C):  Déploiement de trois escadrons de 80 cavaliers 
hollandais sur 5 rangs, vers 1600. En général les hollandais groupait leurs escadrons par trois ou quatre.
 
 

 

La cavalerie légère (comme les Hussards Hongrois ou les croates) étaient employées pour la reconnaissance, les raids sur l'arrière des lignes ennemi, et la garde des avant postes. Les Dragons sont une infanterie qui combat à pied et qui se déplace à cheval.

Tactiquement la cavalerie était déployée en escadron comportant un nombres variables de compagnies. Chez les Français, Allemand et Suédois, l'escadron regroupaient  200 à 300 cavaliers sur une profondeur de 6 à 12 rangs pour les allemands, de 3 à 6 rangs pour les Français et de 3 rangs pour les Suédois. Chez les Hollandais l'escadron ne comporte que 70 à 80 hommes qui étaient déployés sur 5 rangs.

Déroulement d'une charge:
- Chez les cavaliers allemands, l'escadron arrivait en vue de la formation ennemi au trot, généralement les deux premiers rangs faisaient feux à une distance de 10 - 15 mètres, puis l'escadron chargeaient au galop.
La suite était soit une mêlé générale, soit une fuite de l'une des deux formations antagonistes.
- Chez les suédois, la cavalerie chargeait au trot à 50-60 mètre de la formation ennemi, puis au galop à une dizainne de mètre. Le premier rangs suédois déchargeait ses pistolets à très courte porté (3 - 4 mètre).
- Pour recevoir une charge de cavalerie, un des tactiques consistaient à tirer une volée sur la formation ennemi puis à charger. Cette volée pouvaient être tiré par les cavaliers, par des arquebusiers à cheval (chez les hollandais), ou par des détachements de mousquetaires (chez les suédois).

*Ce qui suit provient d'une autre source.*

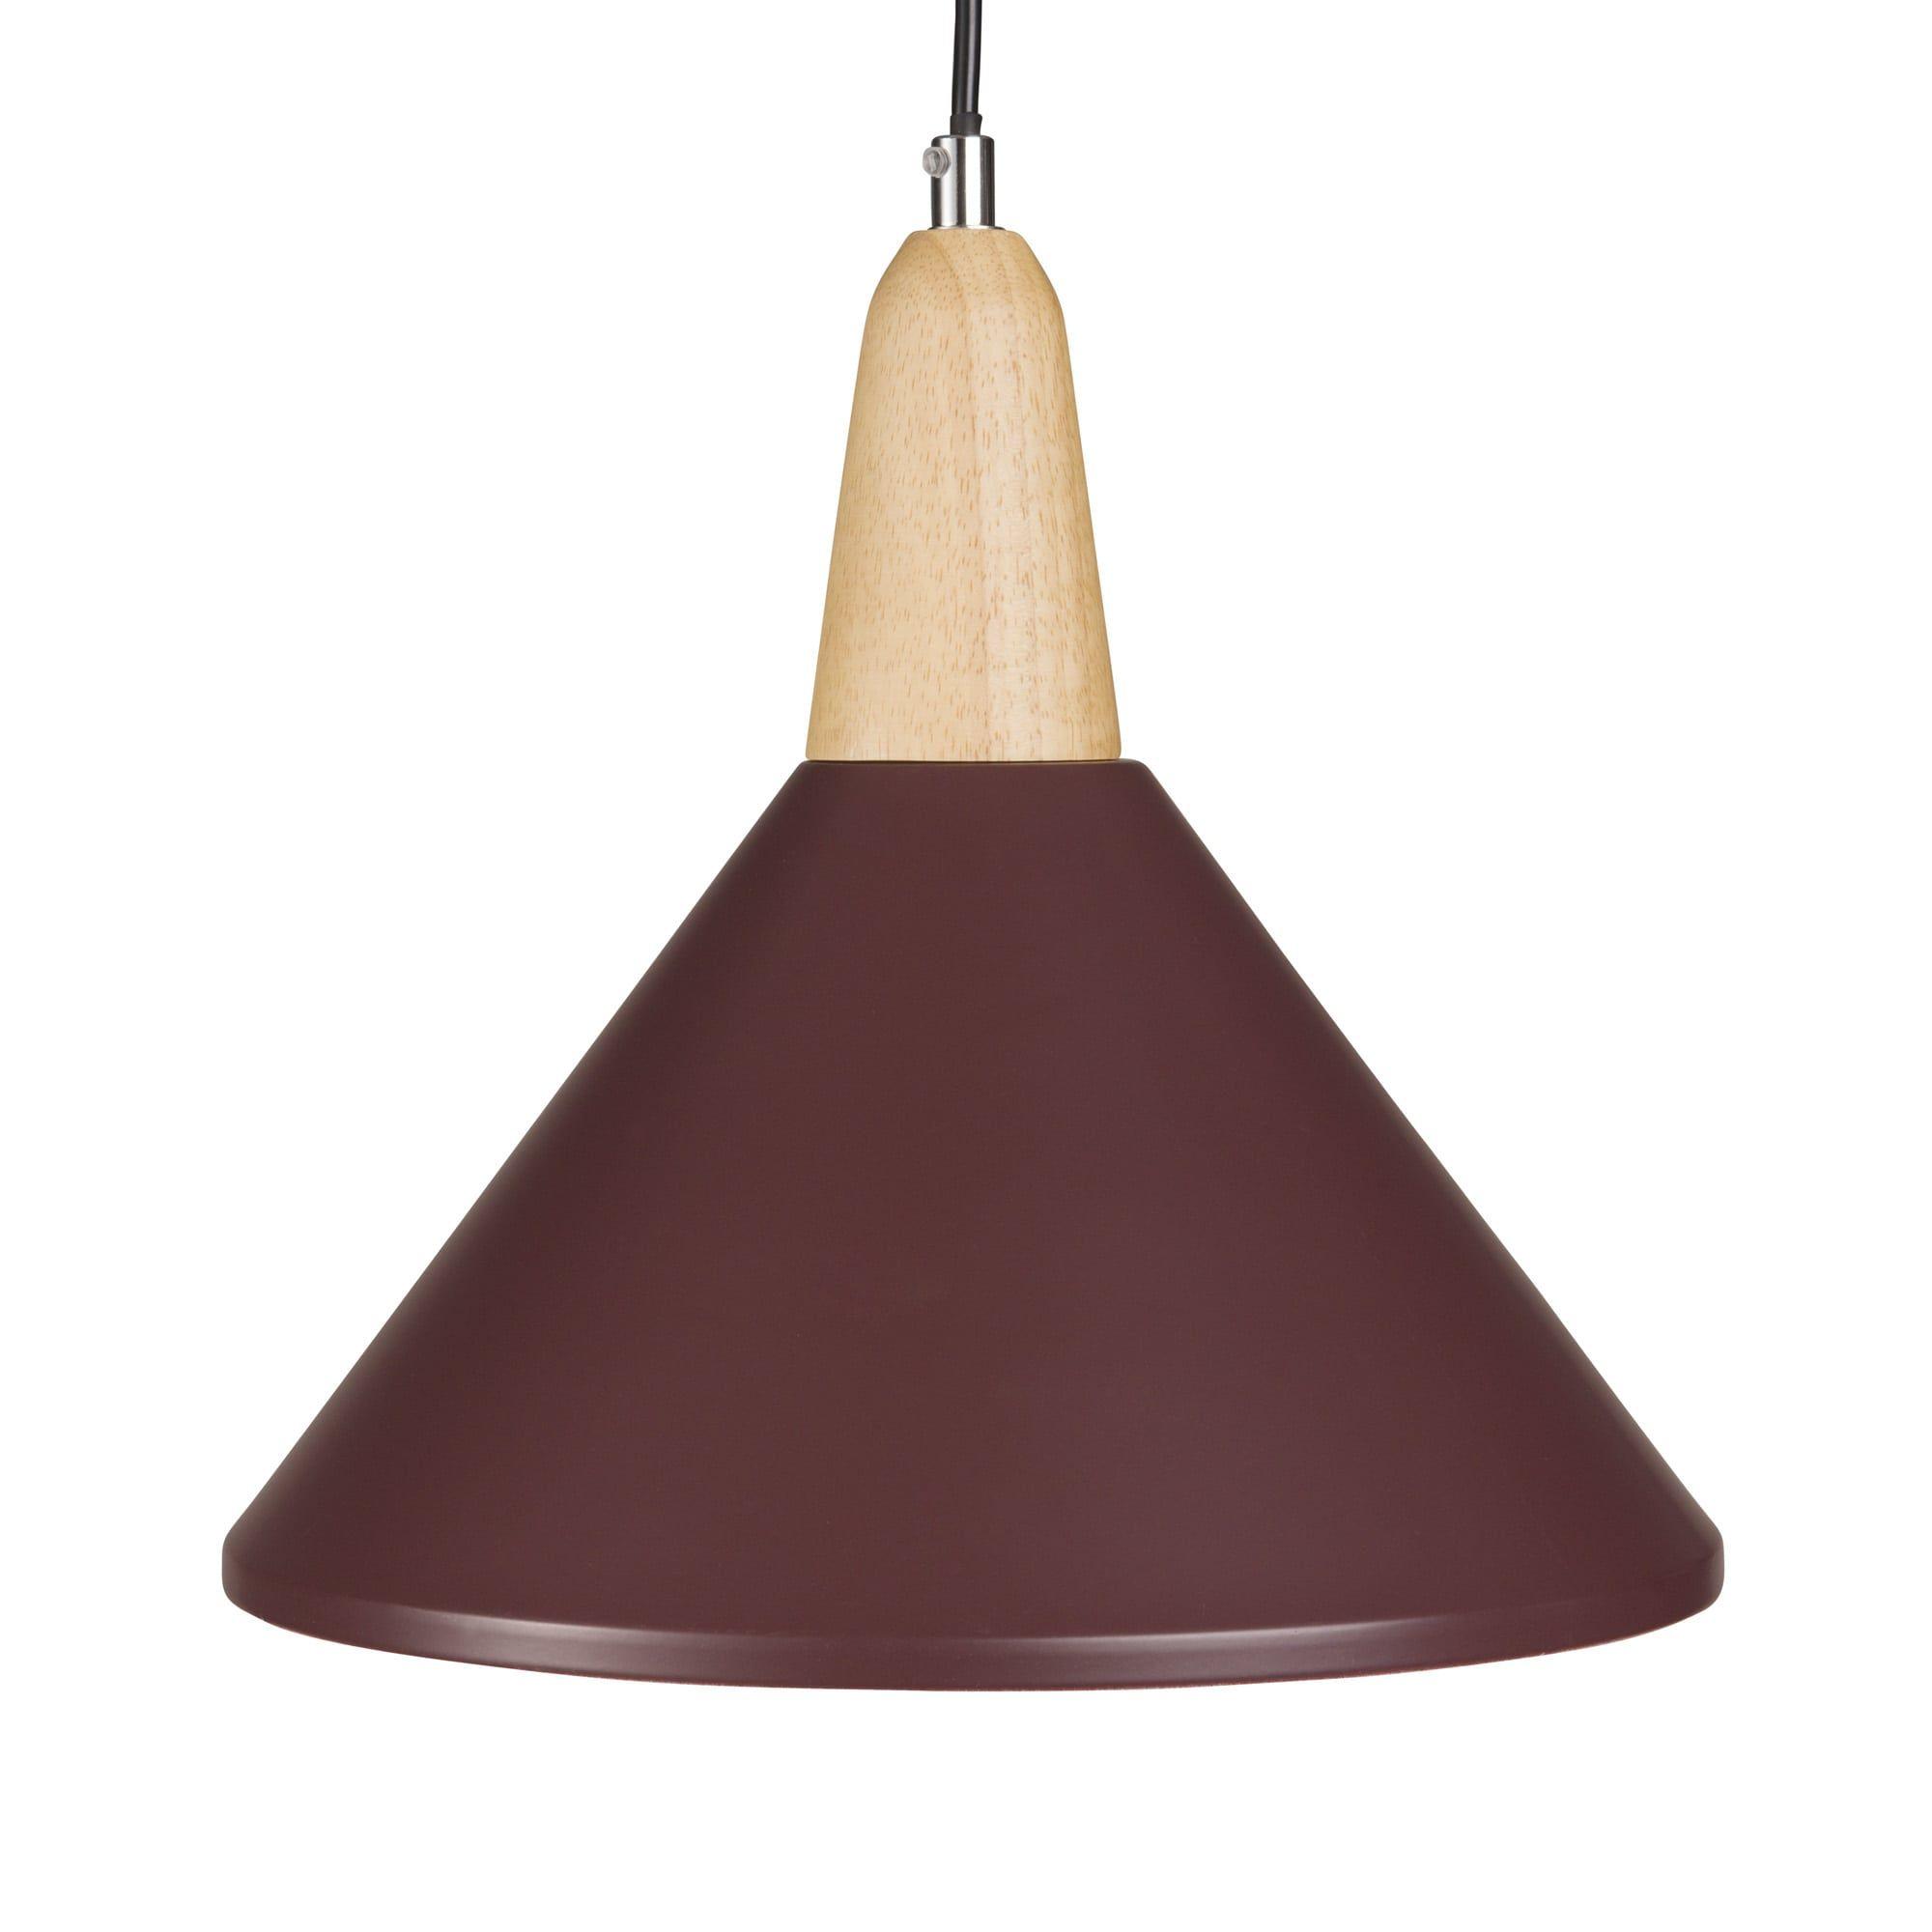 Excellent Awesome Hngeleuchte Aus Metall Violett Jetzt Bestellen Unter With  Lampen Asia Style With Vintage Hngeleuchte With Kchenmbel Vintage Look
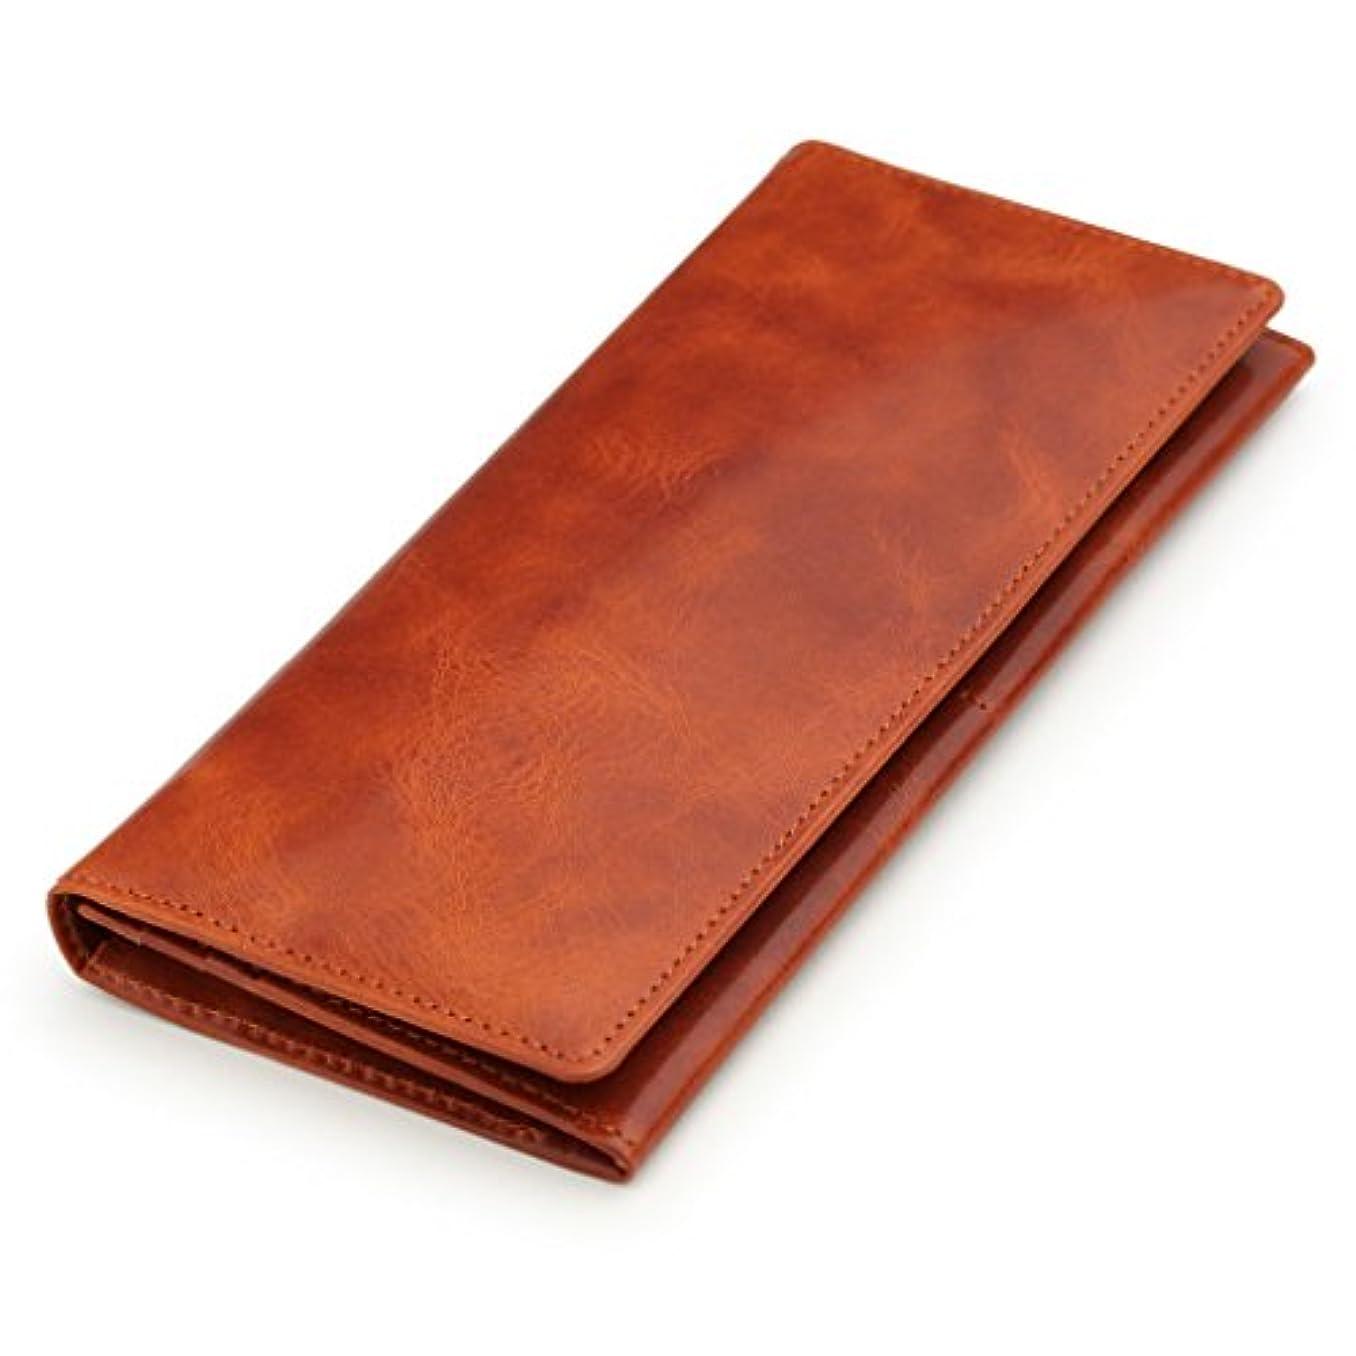 以来干ばつ剃る[アビエス] ABIES L.P. 日本製 ヴィンテージワックスレザー 本革 長財布

A: La cavalerie impériale en rouge charge un escadron suédois (en bleu). Les suédois font avancer un détachement de mousquetaires qui tire une volée de balles.

B: Ensuite l'escadron suedois contre-attaque et charge les imperiaux qui ont été en partie desorganisés par la décharge de mousquets.

Afin d'augmenter la puissance de feux de la cavalerie, la tendance fut d'envoyer des détachements de mousquetaires ou de dragons sur les ailes de cavalerie. De même des détachements de cavalerie pouvaient être intercalés entre les bataillons d'infanterie.